TASK OBJECTIVE>
Starting with the line that has "Arthavest Entertainment" in the records below and stopping after the line that has "photoshop将荒漠场景打造出迪士尼风格的雪景图27", output every line exactly and nothing else; skip pictures.

=== SOURCE RECORDS ===

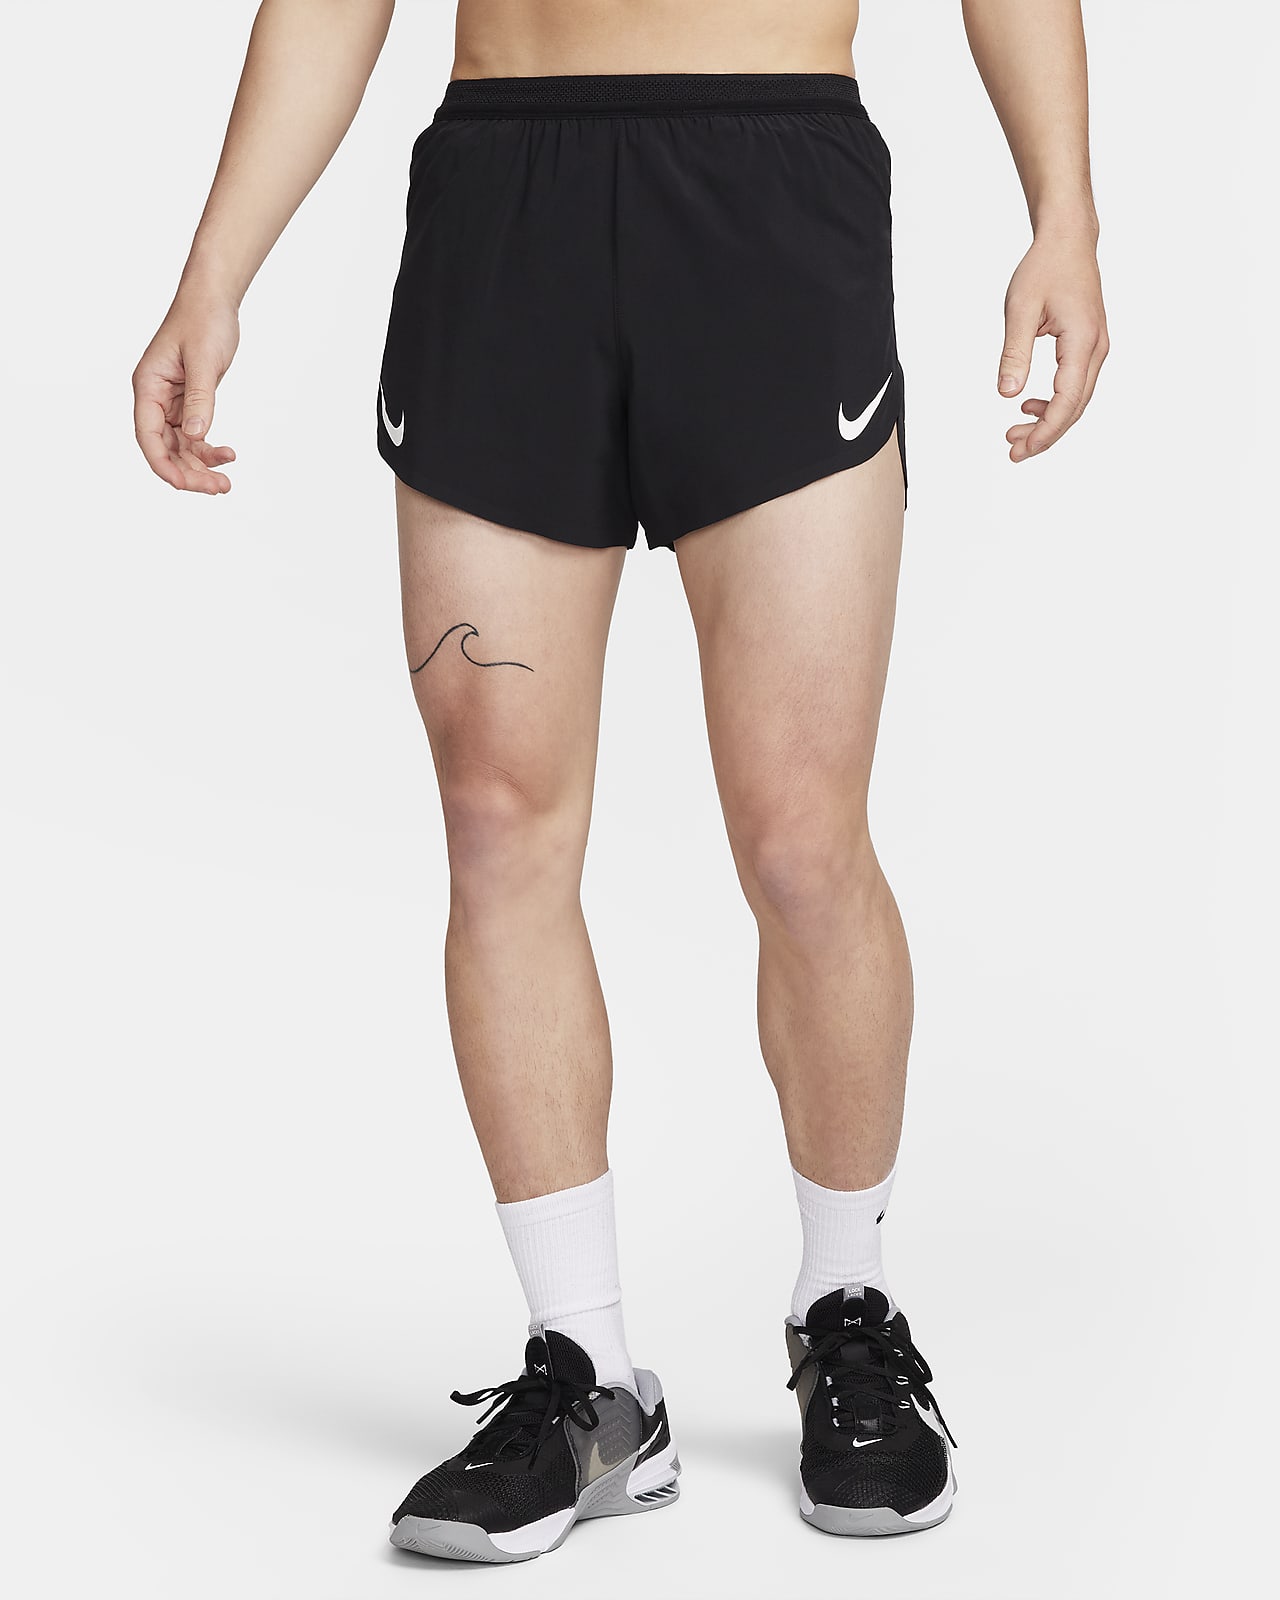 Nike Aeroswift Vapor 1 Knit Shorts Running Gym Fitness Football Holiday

===
=== SOURCE RECORDS ===

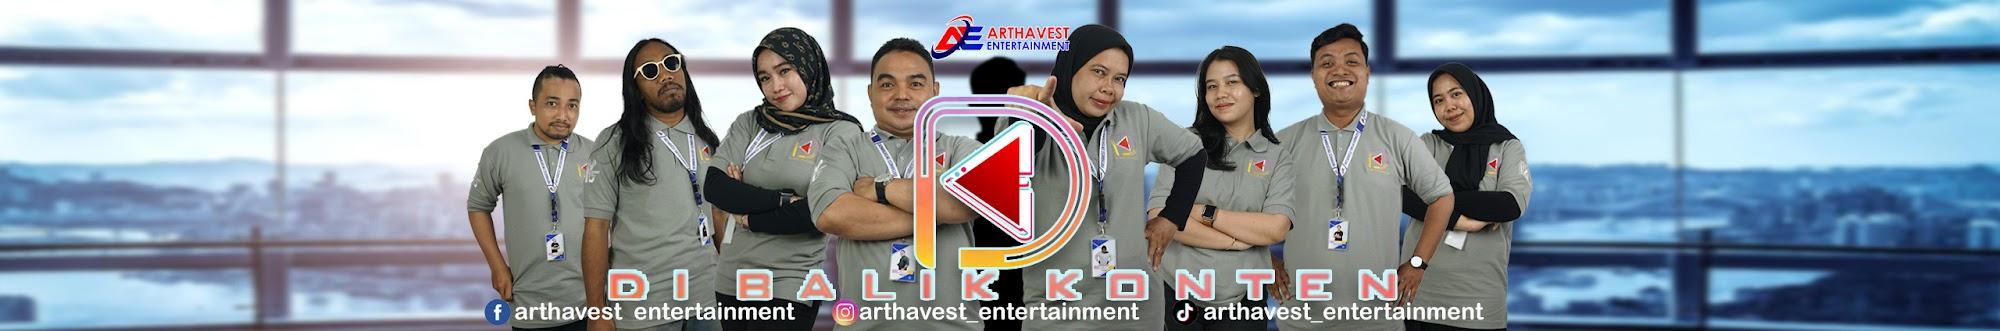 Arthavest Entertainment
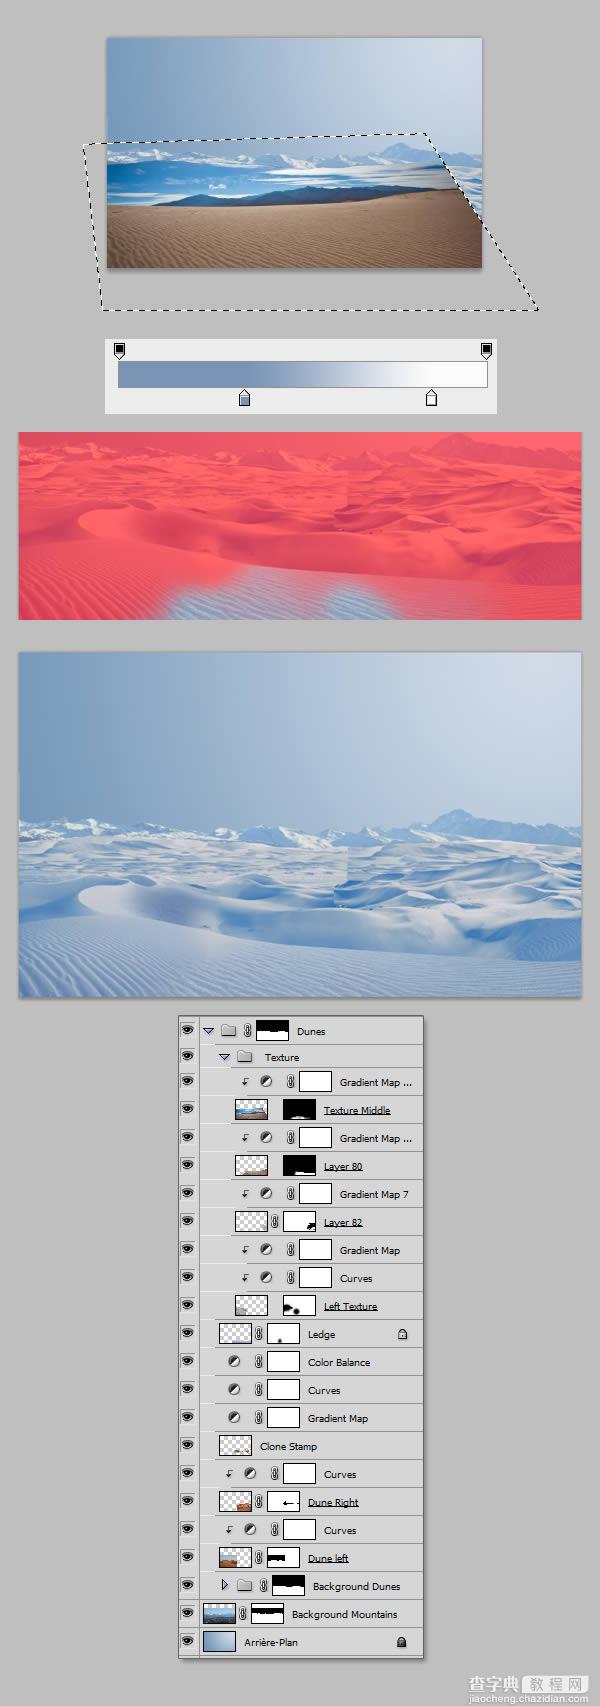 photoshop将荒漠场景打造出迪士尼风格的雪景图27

===
=== SOURCE RECORDS ===

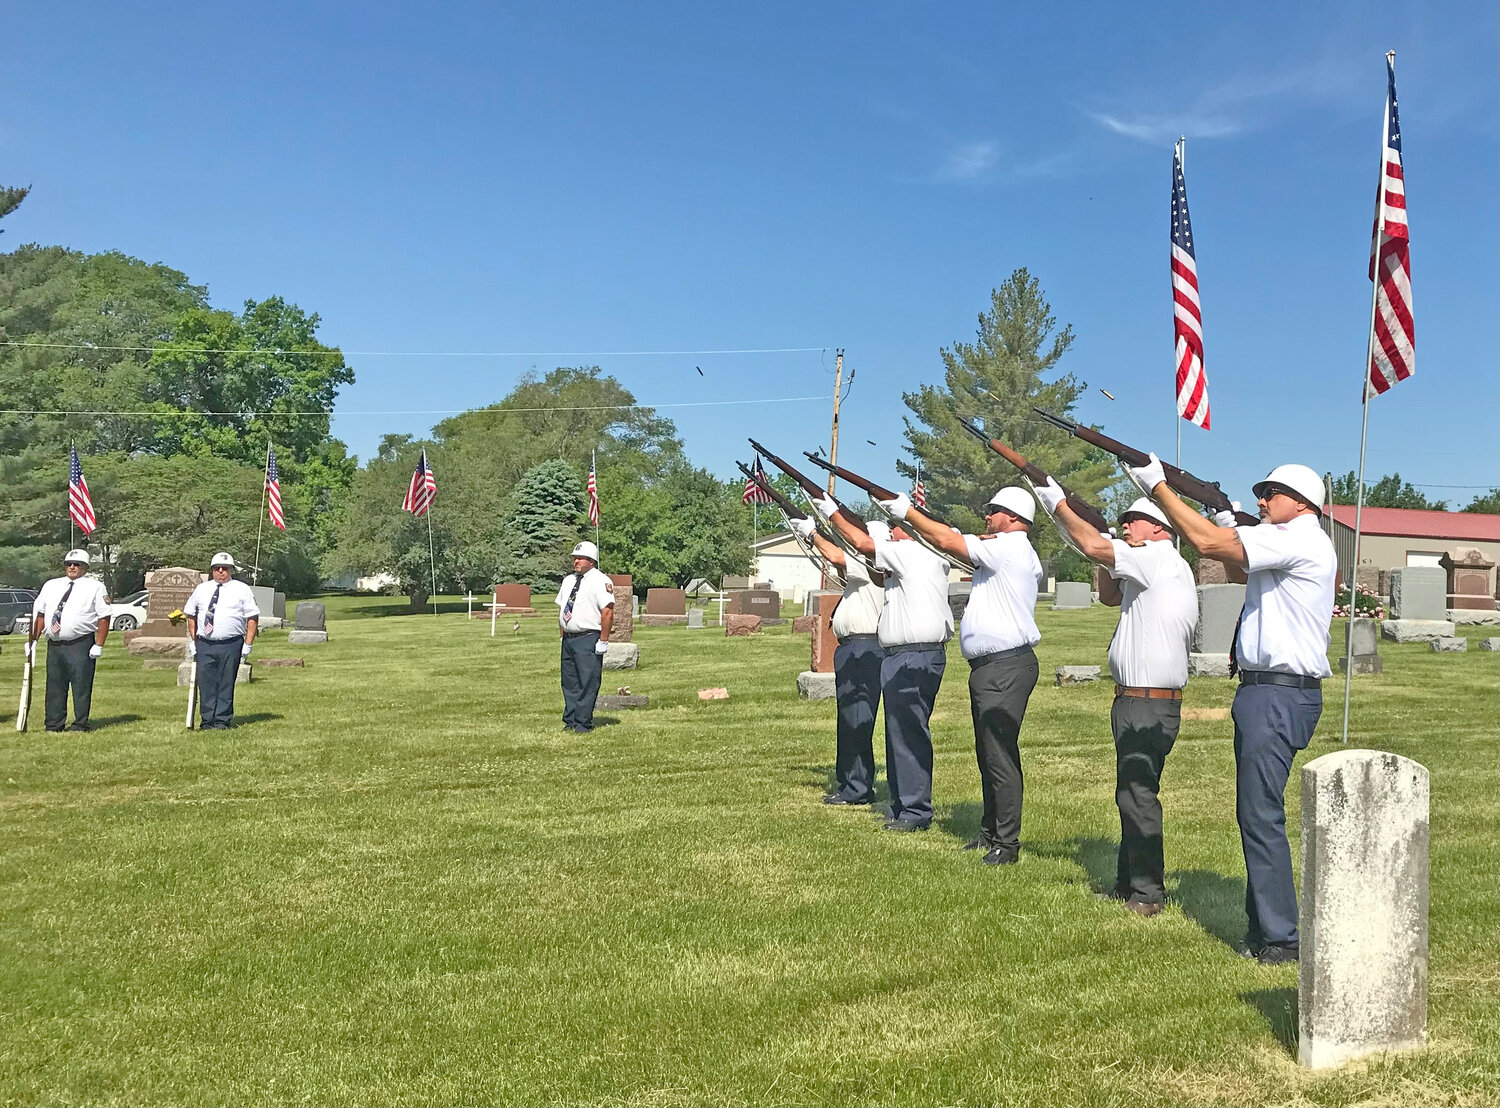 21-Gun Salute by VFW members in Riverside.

===

RESPONSE AREA>
 Arthavest Entertainment
 photoshop将荒漠场景打造出迪士尼风格的雪景图27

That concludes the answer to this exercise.